▸ **Your objective**: Only those lines running from the line that contains "A stunning pair" through the end of the material are to be written out, each exactly as shown.

▸ **Given data**:
□ □ □

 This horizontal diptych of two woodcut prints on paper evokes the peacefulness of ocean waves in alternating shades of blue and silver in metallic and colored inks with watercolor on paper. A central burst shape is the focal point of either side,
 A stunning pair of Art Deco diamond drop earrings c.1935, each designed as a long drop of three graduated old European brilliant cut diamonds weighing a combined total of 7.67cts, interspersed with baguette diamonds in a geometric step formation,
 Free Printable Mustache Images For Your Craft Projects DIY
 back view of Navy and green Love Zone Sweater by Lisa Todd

□ □ □

▸ **The completed task**:
 A stunning pair of Art Deco diamond drop earrings c.1935, each designed as a long drop of three graduated old European brilliant cut diamonds weighing a combined total of 7.67cts, interspersed with baguette diamonds in a geometric step formation,
 Free Printable Mustache Images For Your Craft Projects DIY
 back view of Navy and green Love Zone Sweater by Lisa Todd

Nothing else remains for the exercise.